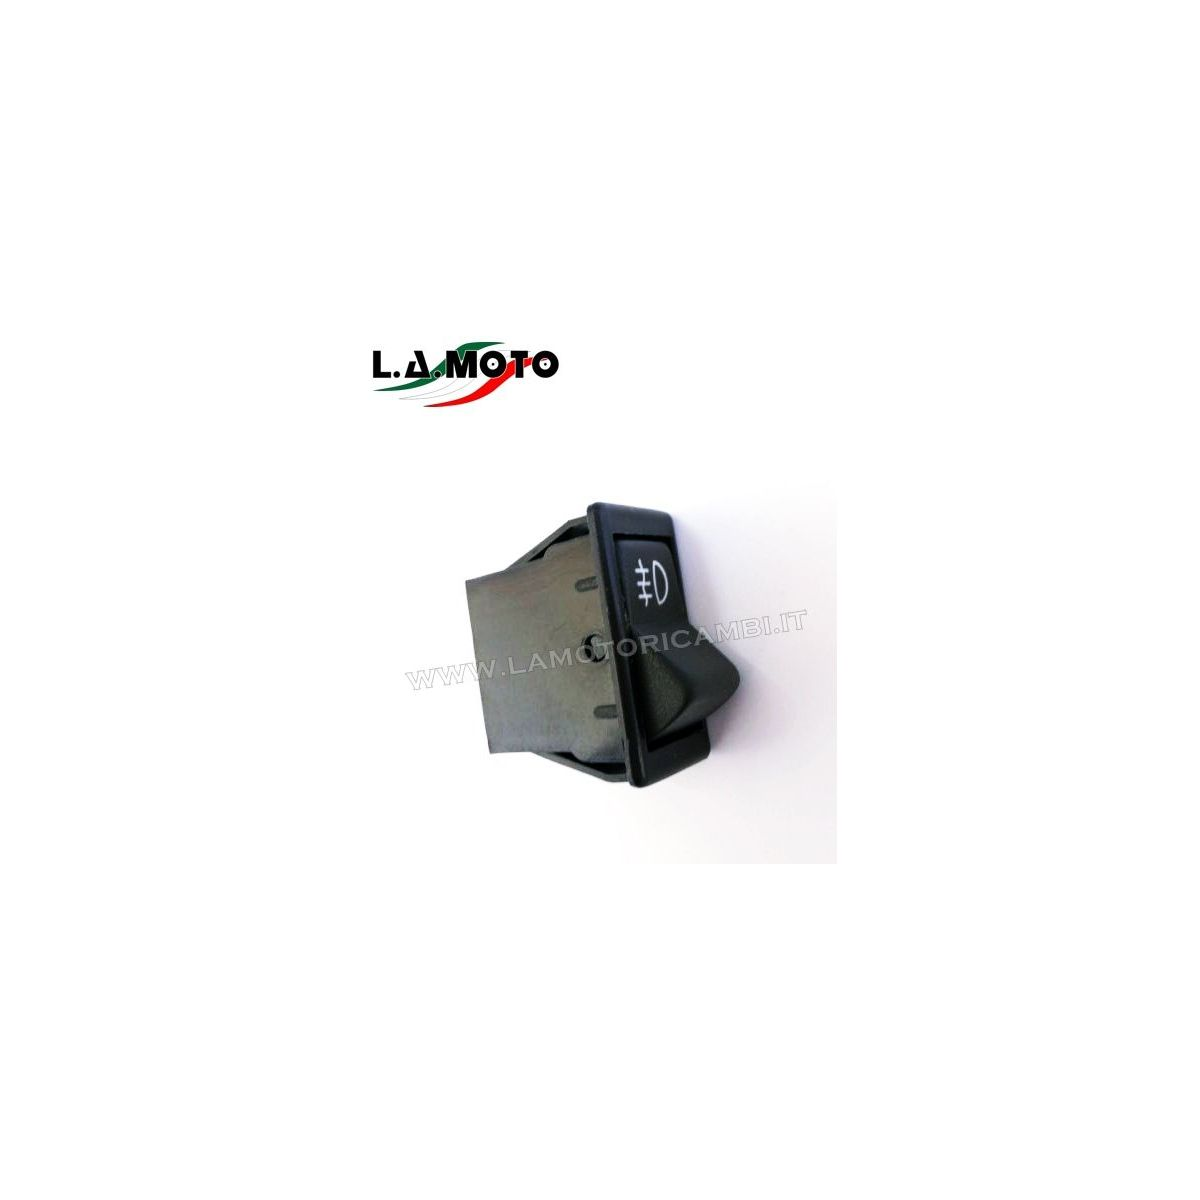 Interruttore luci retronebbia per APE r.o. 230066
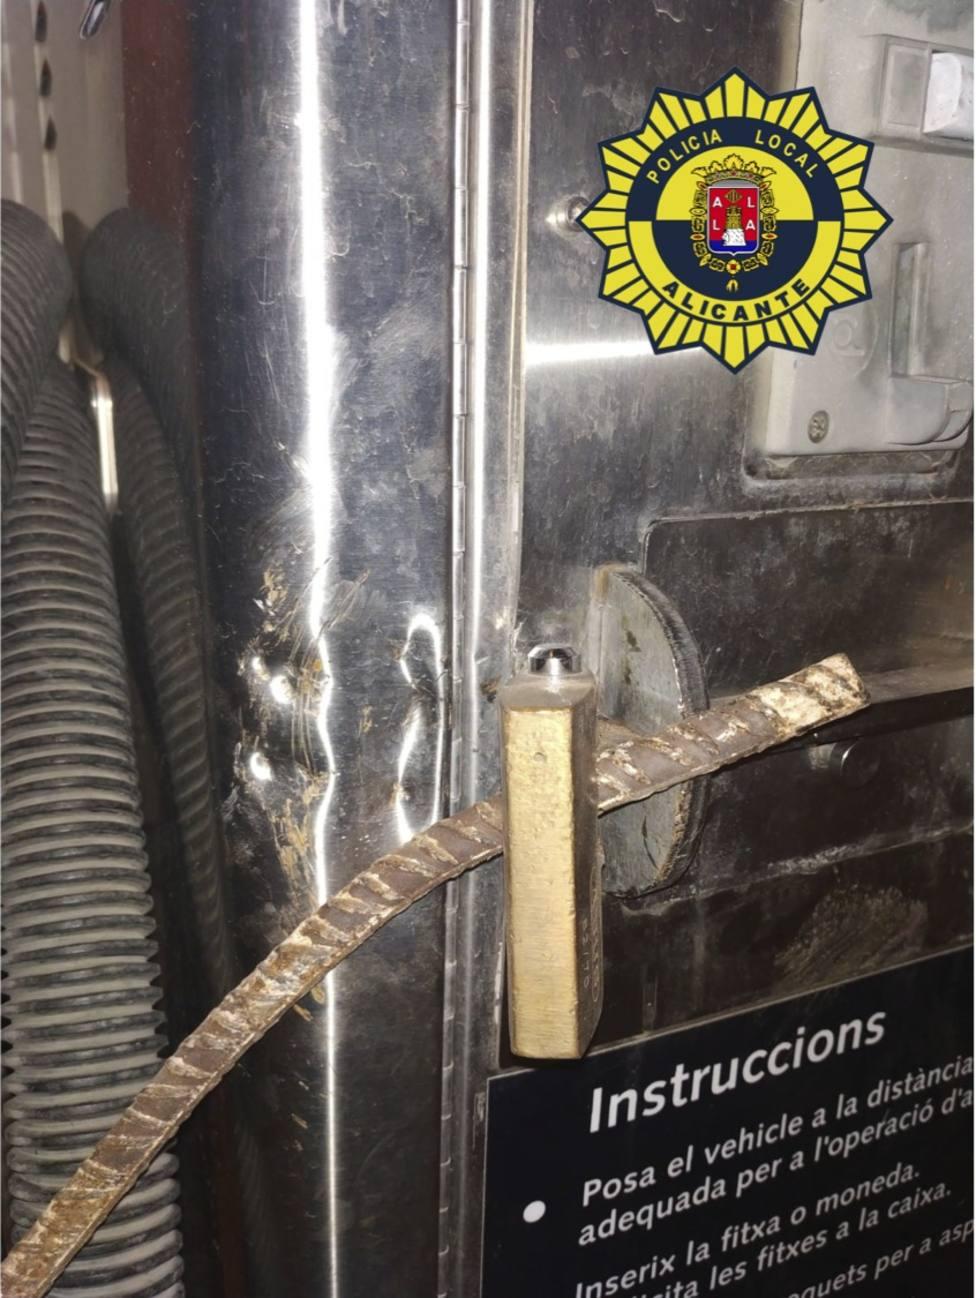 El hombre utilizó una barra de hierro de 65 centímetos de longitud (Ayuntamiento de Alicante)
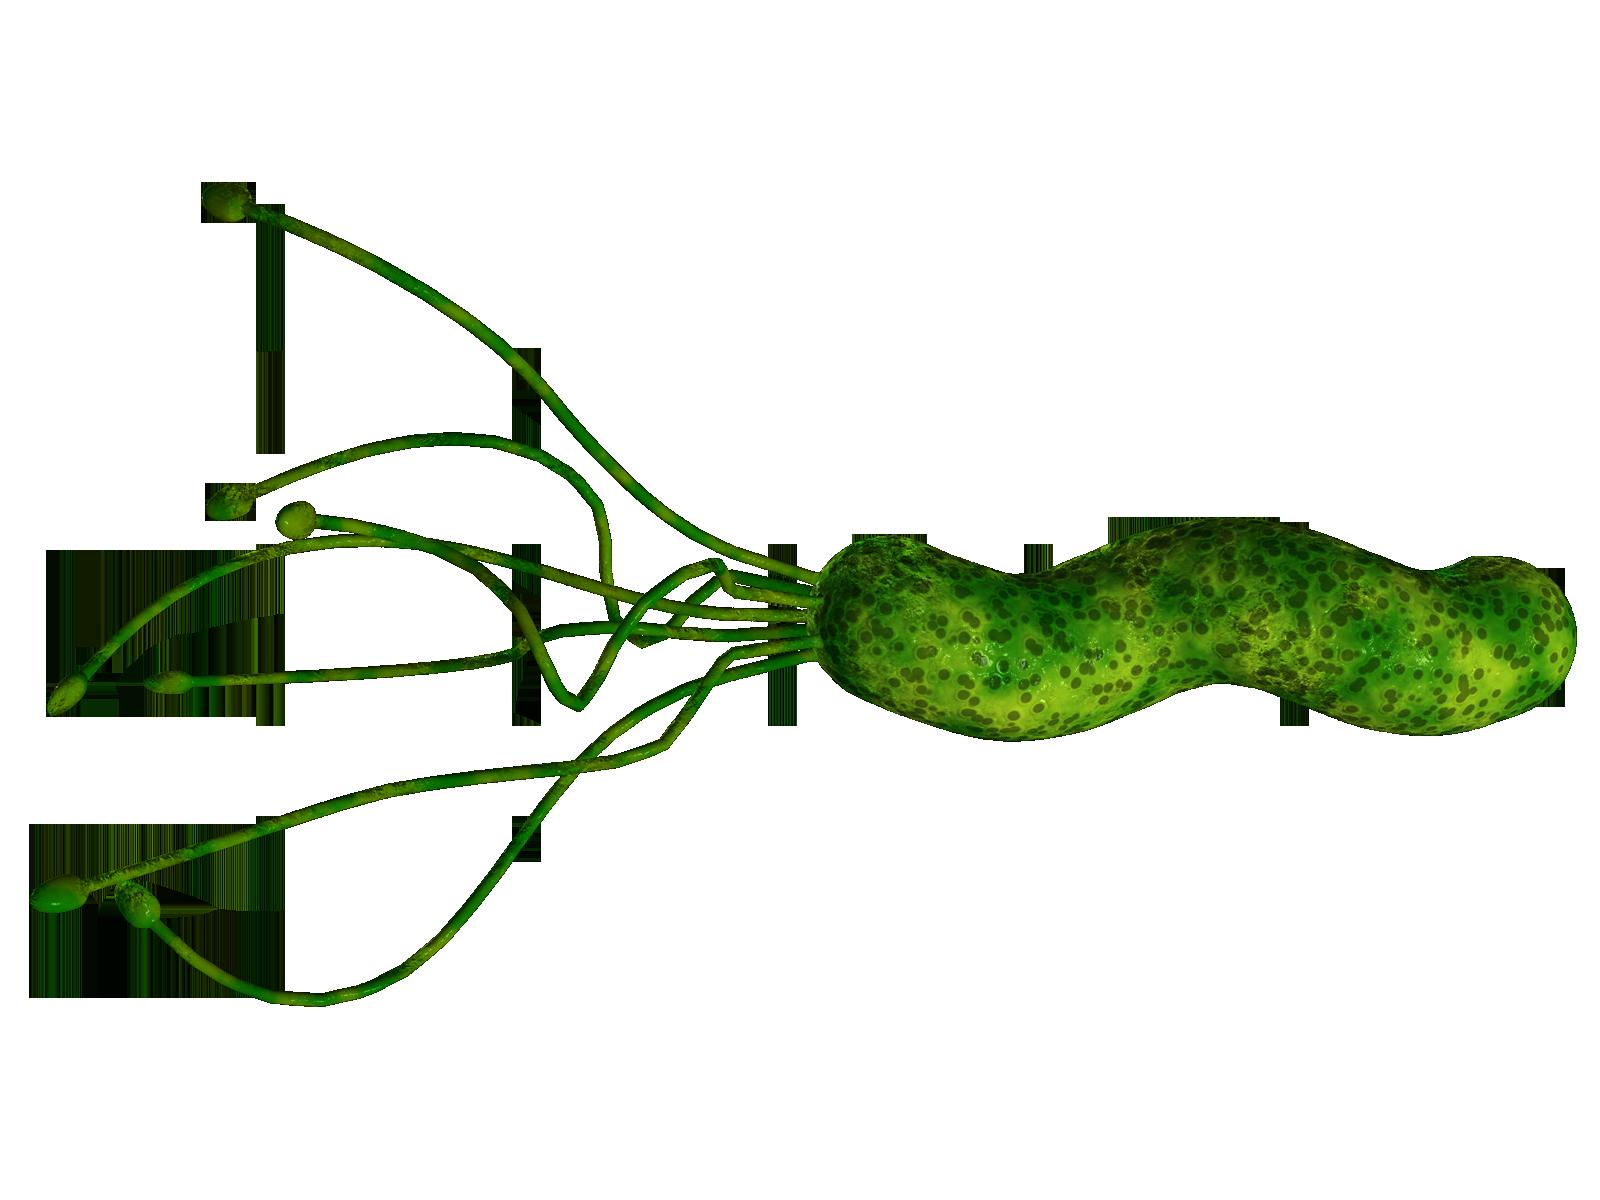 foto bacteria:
****************
▸ **Task description**
When the listing is transcribed, every line must match the original exactly, and the pictures must be left out.

▸ **Written reply**
 Interruttore luci retronebbia per APE r.o. 230066
 El hombre utilizó una barra de hierro de 65 centímetos de longitud (Ayuntamiento de Alicante)
 foto bacteria:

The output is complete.